Editorial for the special issue: cognitive computing and cyber physical systems for smart environments and green manufacturing processes, management and projects

The integration of Cognitive Computing and Cyber-Physical Systems (CPS) marks a significant shift in the approach to creating smart environments and sustainable manufacturing. In smart environments, Cognitive Computing creates a system where everyday objects can communicate, learn, and adapt to human needs. In manufacturing systems, furthermore, the integration of CPS coordinates synchronized cooperation among interconnected devices, machines, and processes. By adding intelligence into manufacturing workflows, we can enable more sustainable practices and pave the way for a “green” future.

The Special Issue consists of papers that present research advancements and case studies that demonstrate the impact of Cognitive Computing and CPS on reducing environmental footprints, optimizing resource adoption, and enhancing overall efficiency in manufacturing. This is the case of the research results reported in^[1] that are focused on the complexity of CPS and on how to mitigate complexity. The authors elaborate on the concept of Pre-Integrated Architectures (PIARCHs) from the point of view of CPS complexity and show the added value of their results in two cases: localization and perception of an automated vehicle and Urban Automated Driving.

Moreover, the Special Issue expands its scope to cover industrial processes and project management, highlighting the role of intelligent systems in overseeing and optimizing complex processes with an emphasis on sustainability and green computing. In^[2], the authors present and evaluate a workflow that monitors sensor observations over time to identify and predict relevant changes or anomalies in the cure cycle (CC) industrial process. Their model exploits machine learning techniques for monitoring and early validating the CC process according to the time-temperature constraints in a real industrial case study, such as CC data produced by the thermocouples in the autoclave. The model proposed by the authors is flexible and can be adapted to other manufacturing targets by adopting specific datasets and tuning thresholds. The final objective is predicting future temperatures minute by minute to forecast if the cure will satisfy the constraints of quality control or raise the alerts for eventually recovering the process.

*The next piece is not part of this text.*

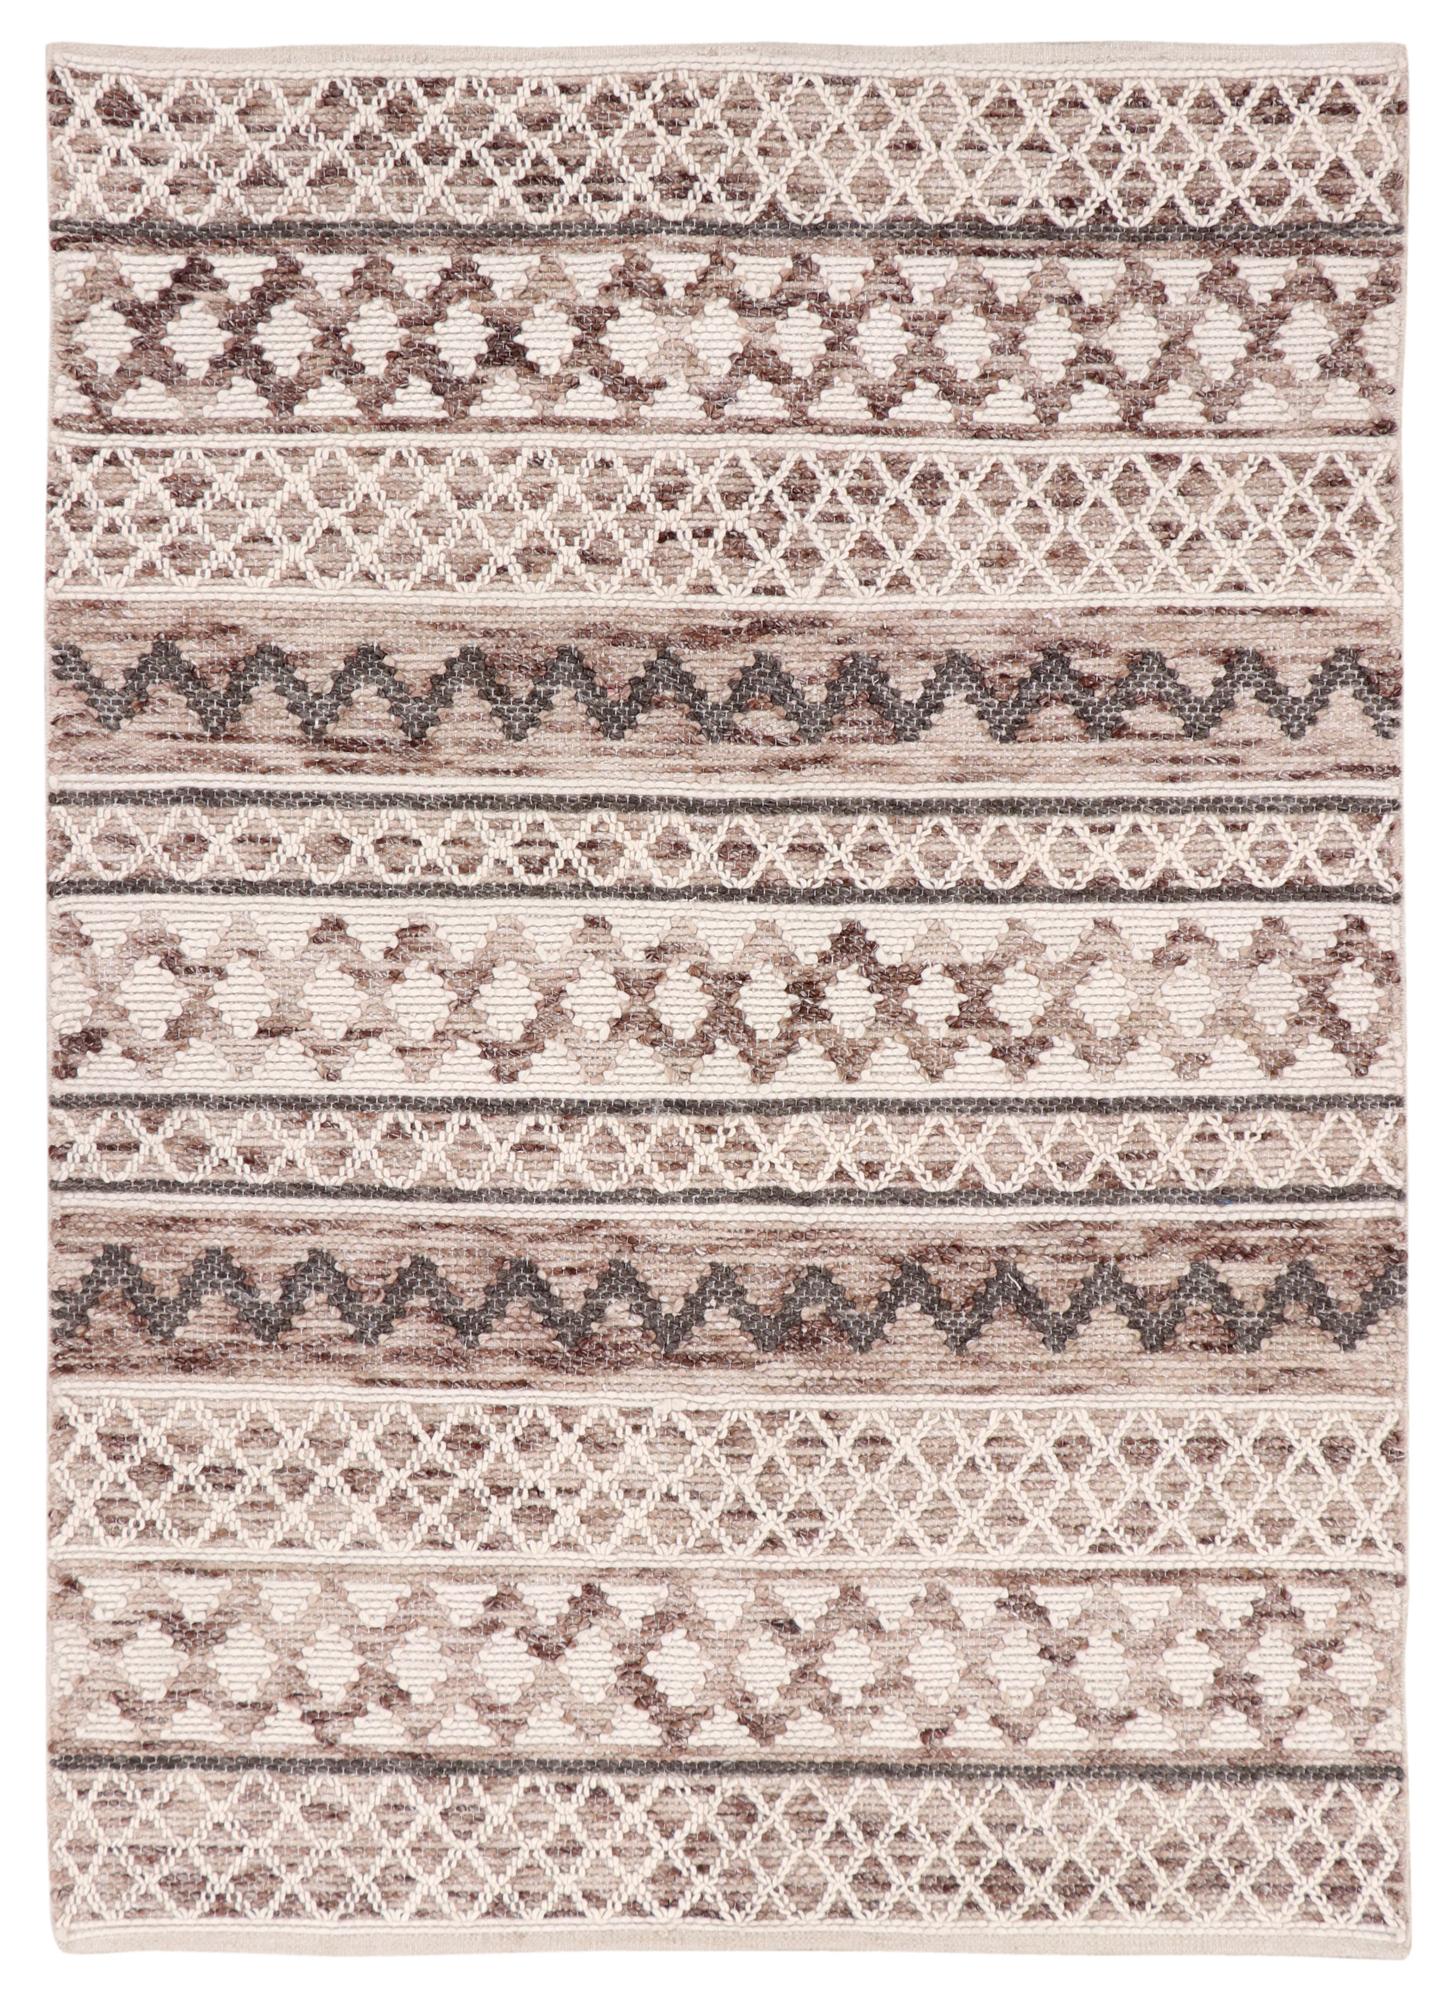 Natural Omen Woven Wool Rug
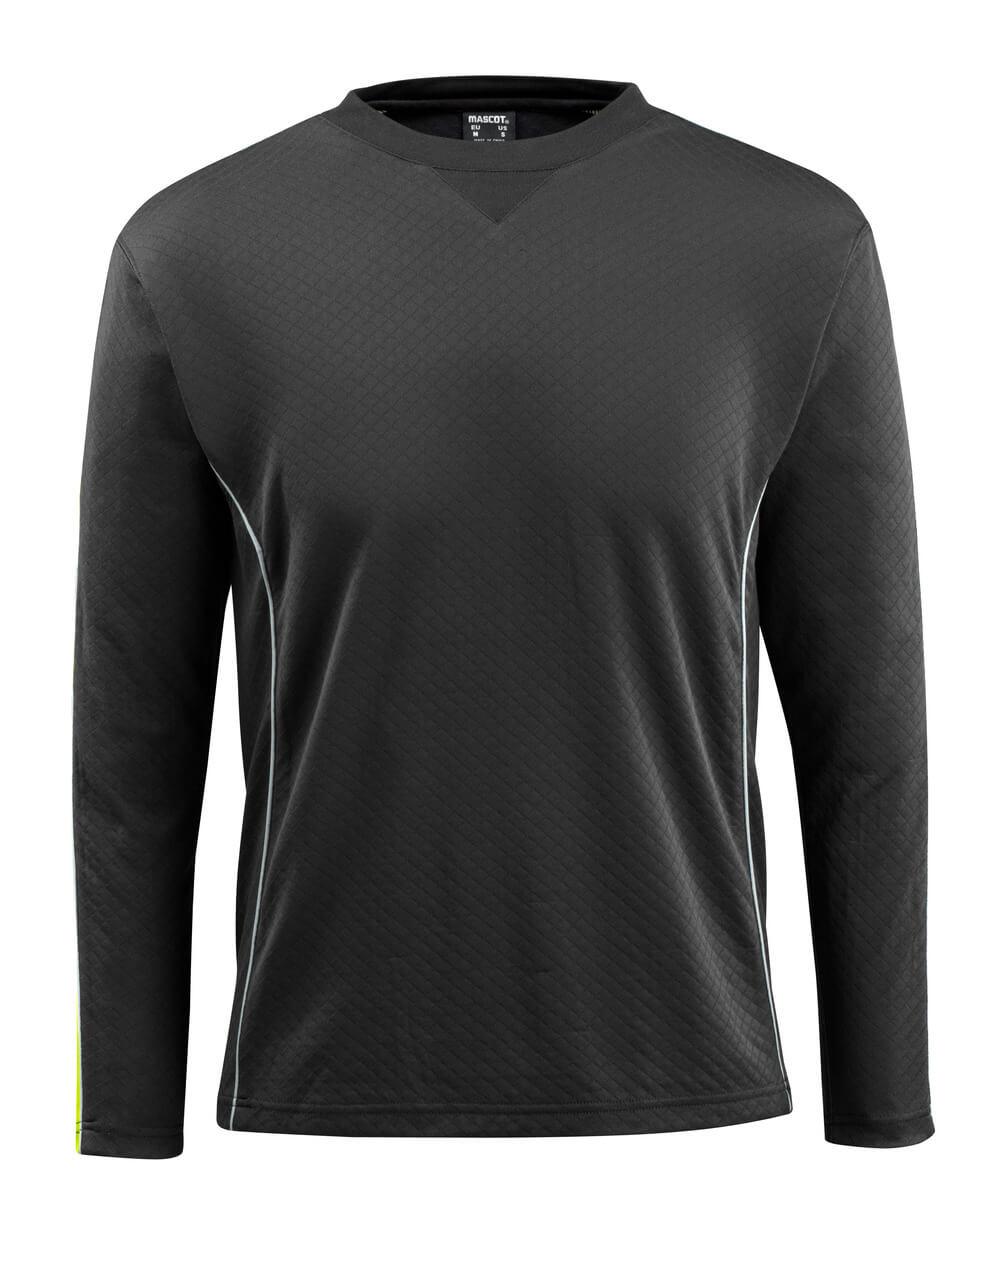 50128-933-0917 T-shirt, long-sleeved - black/hi-vis yellow

The integration of green computing principles into project management offers added value in several key aspects. Projects that incorporate sustainable practices are better positioned to navigate risks associated with environmental regulations and societal expectations, mitigating potential legal and reputational challenges. Green computing fosters a culture of innovation within project teams, encouraging creative solutions that improve efficiency and resource utilization. In today’s business landscape, where environmental consciousness is growing, projects that integrate green computing practices gain a competitive edge. This is the principle that guided the authors of^[3] in developing their research on environmental sustainability in manufacturing by proposing a model that leverages the Goal Question Metrics approach and technologies of Industry 4.0. These authors have defined a novel model that can be used as a conceptual tool to support improvement programs in environmental sustainability and evaluated their research results in the context of the automotive industry. The model can be used both as decision support for managers and professionals interested in creating systems for managing environmental resources and as a guideline for their implementation. The model explicitly represents high-level corporate goals, linking them with the strategies and support technologies necessary to achieve those objectives. The results of the application of the model show how the approach, combined with the implementation of Industry 4.0 technologies, contributes to the efficient use of natural resources and also reduces the emissions in the atmosphere.

Last but not least, the authors of^[4] present a technical note on how to develop and evaluate blockchain-based solutions to improve loyalty programs with Non-Fungible Tokens (NFTs) in agribusiness industries. This work not only presents the design and preliminary development of a blockchain software system but also emphasizes the added values of the use of NFTs and personalization for customers and the adoption of the metadata feature for using media to encourage and assist customer brand awareness and repurchase. This technical note can be of interest to researchers and developers of blockchain technology since it presents a safe and transparent way to use NFTs to increase brand loyalty in the agricultural business and other sectors.

Although these four papers provide interesting insight into Cognitive Computing and CPS, they do not cover all the related topics. Integrating Cognitive Computing and CPS, especially in the context of Green Computing, remains an open area of research. Additionally, new research ideas can arise from the recent advancements in Generative Artificial Intelligence. However, we believe that the selected papers will be of interest to the research and development communities working on these topics.

We would like to express our gratitude to the authors for their contributions and to the reviewers for their valuable suggestions that have helped improve the quality of the papers. We also extend our sincere appreciation to Prof. Witold Pedrycz, the Editor-in-Chief of the Journal of Smart Environments and Green Computing, and his team of Assistant Editors for their support and commitment in producing this Special Issue.